As the SEC readies a “best-interest” advisor rule proposal for summer release, the Consumer Federation of America is asking the agency to go beyond the “watered-down" standard being advocated by the financial industry.

“Notably absent from the industry’s proposed regulatory framework is any obligation to act in the customer’s best interests,” Barbara Roper, the CFA’s director of investor protection, said in a letter to SEC Chairman Jay Clayton in reference to proposals contained in the more than 30 industry comment letters that have poured into the SEC in anticipation of the rulemaking.

For instance, Roper said, while both LPL Financial and the Investment Company Institute have asked for an explicit duty of care and loyalty, a careful review of their comments makes clear that they intend for those duties to be satisfied almost exclusively through compliance and existing broker-dealer regulations. LPL had been one of the few B-Ds to explicitly support the fiduciary rule.

“Specifically, their duty of care would be satisfied through compliance with Finra’s [existing] know-your-customer and suitability obligations, and their duty of loyalty would be satisfied not by minimizing or avoiding conflicts, but by disclosing them,” Roper said. “If the [SEC] were to adopt their suggested regulatory framework, it would offer the appearance, but not the reality, of enhanced protection for non-retirement accounts while badly undermining existing protections for retirement accounts.”

Roper, a member of the SEC’s Investor Advisory Committee, said conflict of interest disclosures—the industry’s sole suggestion of enhancing existing B-D regulatory requirements—have been shown for years by consumer research to be “ineffective in protecting investors.”

At SIFMA's recent compliance and legal conference, Clayton said that despite the fact that the Department of Labor’s fiduciary rule was vacated just a week ago by the Fifth Circuit Court of Appeals, the SEC is pushing ahead with its own “best-interest” rule, which he hopes will set the framework for regulating investor interactions with investment advisors and brokers. “I would like the SEC’s action in this area to be the focal point around which people say, ‘Yes, that’s how we should look at the relationship, that’s the basis on which you should have to demonstrated compliance,” he said.

Clayton said his goal for the rule is to articulate a best-interest standard of care for broker-dealers, clarify investment advisors’ fiduciary rule and ensure that the differences between the two are clearly delineated. “We can do that in a fairly short, plain-English, accessible document,” said Clayton, who added that the SEC is trying to “bring some real analysis to this space” regarding what is in the best interests of the ordinary investor.

“This is an issue where the devil is definitely in the details.
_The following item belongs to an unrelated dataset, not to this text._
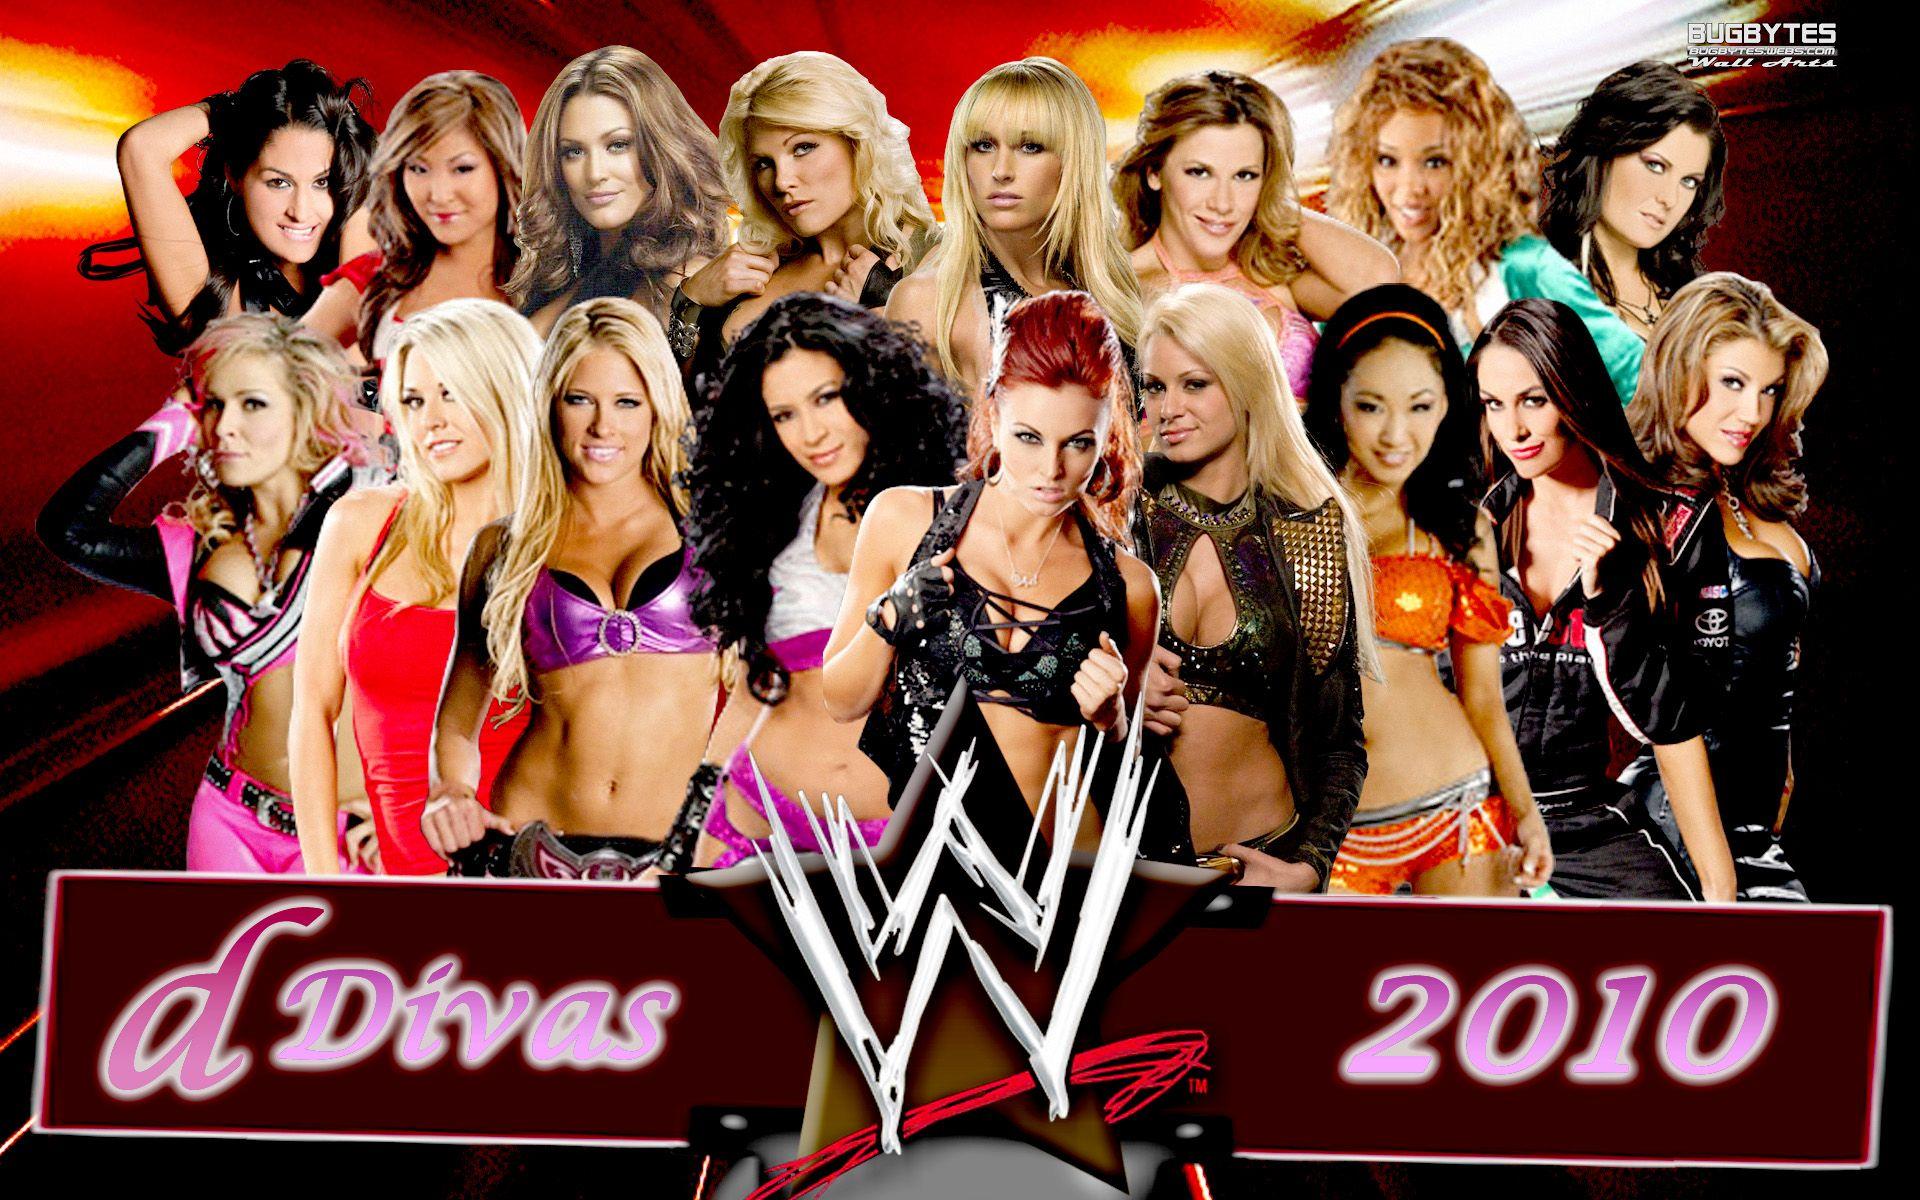 Wwe Divas Wallpaper Walls World Com Walls Wwe Divas Diva Wrestling Divas

So, we won’t know until we actually see the SEC proposal whether it creates the true best-interest standard for brokers that we could enthusiastically support,” Roper told Financial Advisor.  “It is encouraging that Chairman Clayton is talking about the need to clarify the Advisers Act standard, which too often gets neglected in this debate. Particularly with the growth of dual-registrant firms, the SEC needs to clarify that the Advisers Act fiduciary duty cannot be satisfied through disclosure alone. Best interest needs to include an obligation to act in the customer’s best interest and not simply disclose conflicts.”

The CFA says it wants to see explicit standards that require advisors and brokers to demonstrably act in customers’ best interests, including the following rules:

• A requirement that broker recommendations be “rigorous and based on reasonable assumptions.”
• That the results of broker analysis be delivered to the customer in the form of a recommendation.
• That brokers be required to act “without regard” to their or their firm’s financial or other interests.
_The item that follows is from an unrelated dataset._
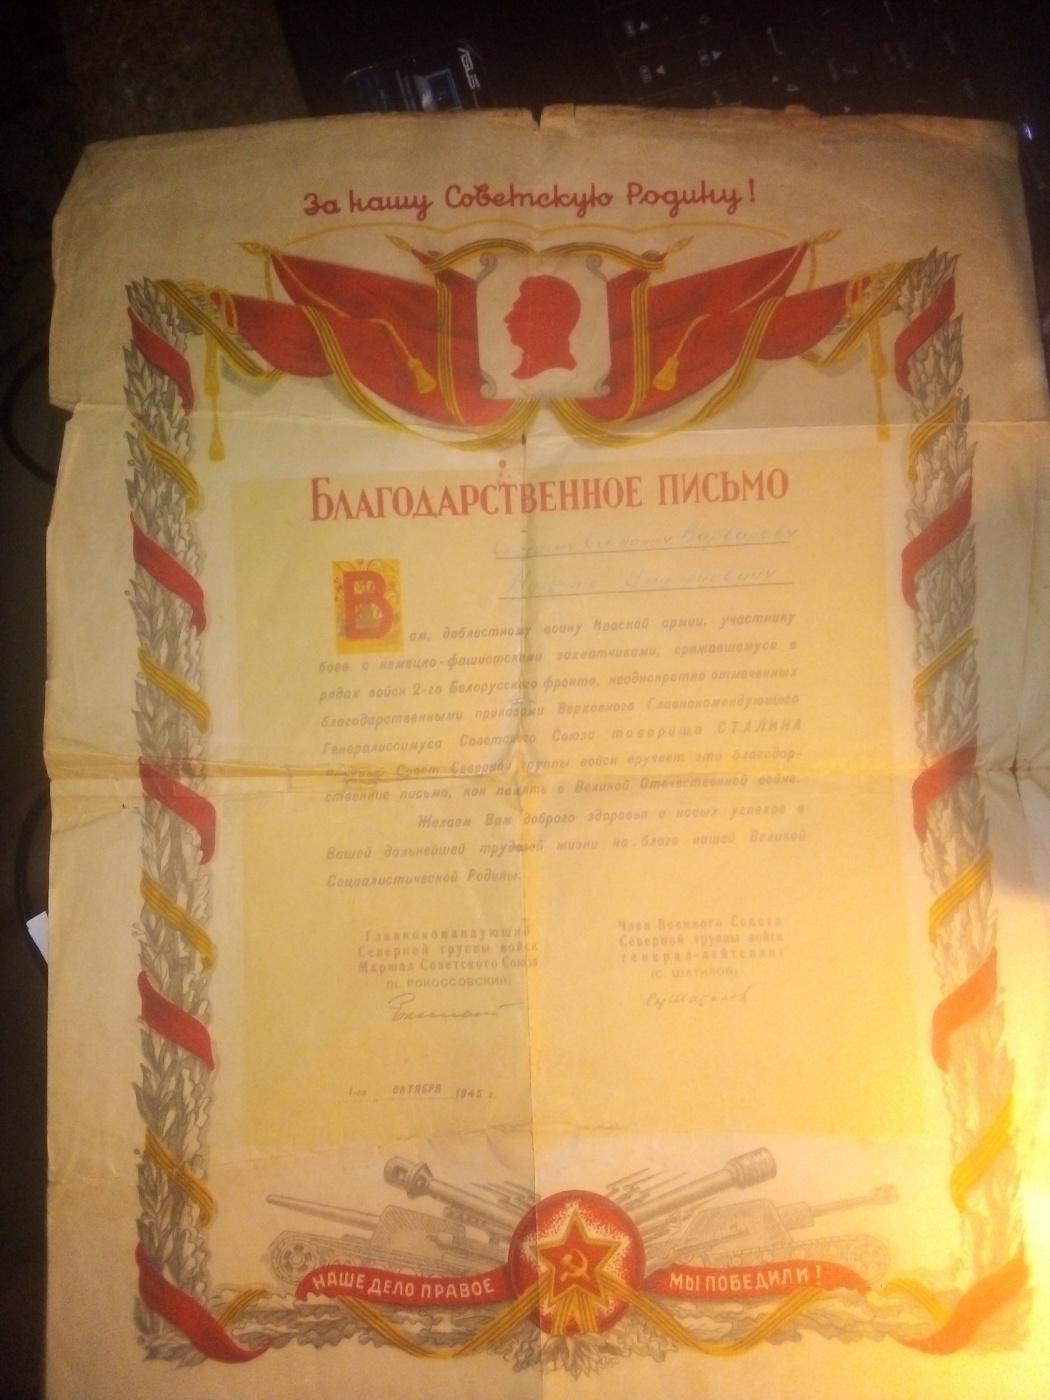 Rokasovsky. Diploma

The CFA is also pressing Clayton and the SEC to ensure there is a bright line in the regulation between salespeople and commission-based brokers and investment advisors. “Under no circumstances should brokers continue to be allowed to call themselves advisors (or consultants or wealth managers or whatever other deceptive title they choose to use) and market themselves as providing trusted advice if they aren’t going to be held to the strict fiduciary standard, including restrictions on conflicts of interest, appropriate to that role,” Roper said.